Cracks shimmered through the celestial vault as the Starshard Blade pulsed with awakening memory. Zhao Lianxu stood beneath the swirling firmament, eyes alight with power not wholly his own. With each heartbeat, he could feel the stories of his past lives—warrior and poet, tyrant and martyr—bleeding into his present self, rewriting his thoughts, reshaping his resolve.

Lingxi watched from the Sanctum's edge, her hand over her chest. She could see it in him now—the fragments of souls he carried, how each one stitched into his own like old bones reforged into a new spine. This wasn't just power. It was burden. A soul mosaic so vast that even the stars seemed dim beside it.

"Lianxu," she called, stepping forward, her voice a trembling anchor.

He turned slowly, and for a moment, she wasn't sure he saw her. Not as Lingxi, the woman who defied destiny to love him, but as something further away, more myth than flesh.

Then he blinked. "You're real. Good."

She nodded. "You're losing yourself."

He smiled, weary and soft. "No. I'm becoming everyone I've ever been. I need to be them to win this war."

She touched his arm, grounding him. "Then be them. But don't forget who you are now. Because without you, even the gods will lose their way."

Far across the shattered skies, Tianluan's monstrous legions had begun their descent.

Memory-warped beasts stormed the mortal realm—wolves made from lost lullabies, serpents formed of ancestral regrets. They carried with them screams from centuries long gone, echoing with venomous truths: unspoken love, broken promises, and guilt never atoned.

In the Kingdom of Yunshao, entire cities fell silent as dreams turned into curses. Nightmares once bound in minds now took form in flesh and claw.

But Tianluan himself did not move. Not yet. He waited atop the Spire of Regret, eyes fixed on the northern stars.

"The blade remembers," he muttered. "But does the boy know what to do with memory? Or will it eat him alive, like it did the last?"

Meanwhile, the core of Zhao Lianxu's group prepared for the next journey.

Mei Xueyan meditated atop obsidian columns, her spirit dancing through artifact patterns etched into the world's bones. She was searching for conduits of power, ancient veins buried deep beneath reality's skin. The Starshard Blade could guide Lianxu, yes, but it would consume him if untethered. Her hands glowed with ethereal light, drawing sigils in the air, her whispers calling upon ancient architects of earth and flame.

Yun Kai, ever cryptic, had taken to carving sigils into the air, his dreams translating into protective wards none could decipher. His mutterings hinted at a second gate—a gate of memory—hidden beneath the Ardent Sands. He believed it held answers not only for Zhao but for the entire multiverse.

They would go there next.
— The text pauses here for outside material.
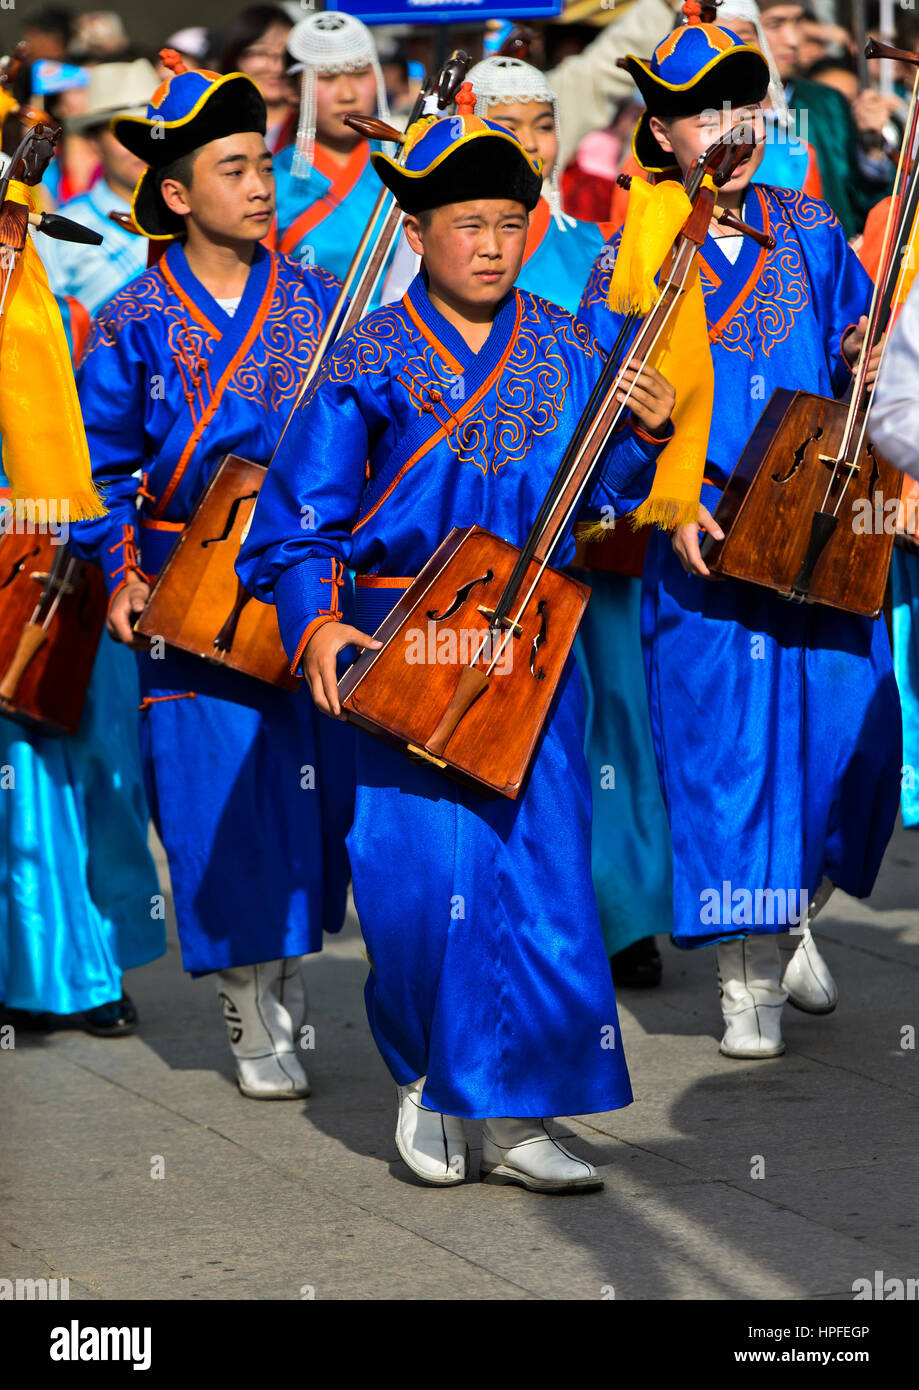 La juventud en Deel ropa tradicional y un violín con cabeza de caballo, Morin chuur, Festival del traje nacional de Mongolia, Ulaanbaatar Foto de stock

They had no choice.

But the desert would demand sacrifice. It always did.

The Ardent Sands stretched beyond imagination.

Endless dunes of crimson glass shimmered under a blood-orange sky, remnants of a war that predated time. Here, time did not flow. It spiraled. A step forward could mean a year lost, or a second repeated for eternity.

As they entered, Zhao Lianxu felt the pressure change.

His fingers gripped the Starshard Blade tighter. It was humming now, its voice low and mournful, like a dirge sung across galaxies.

"This is where he died," the blade whispered.

"Who?" Zhao asked aloud.

"The one who sealed the Tianmo World. This is where he gave up his name. Where he gave up... you."

The sand beneath them shifted.

Visions flickered.

A man cloaked in twilight stood atop a black obelisk. Blood dripping from his fingertips. Stars collapsing behind him. And in his arms—a child. Wrapped in darkness. Eyes wide and silent.

Zhao staggered, the image collapsing into dust.

"You okay?" Lingxi asked, steadying him.

"That child... was me. Or part of me. One of the lives I buried."

She nodded. "Then this place is yours. But be careful. The past doesn't just speak here. It bites. And sometimes... it begs."

Night in the Ardent Sands came like the closing of a god's eye.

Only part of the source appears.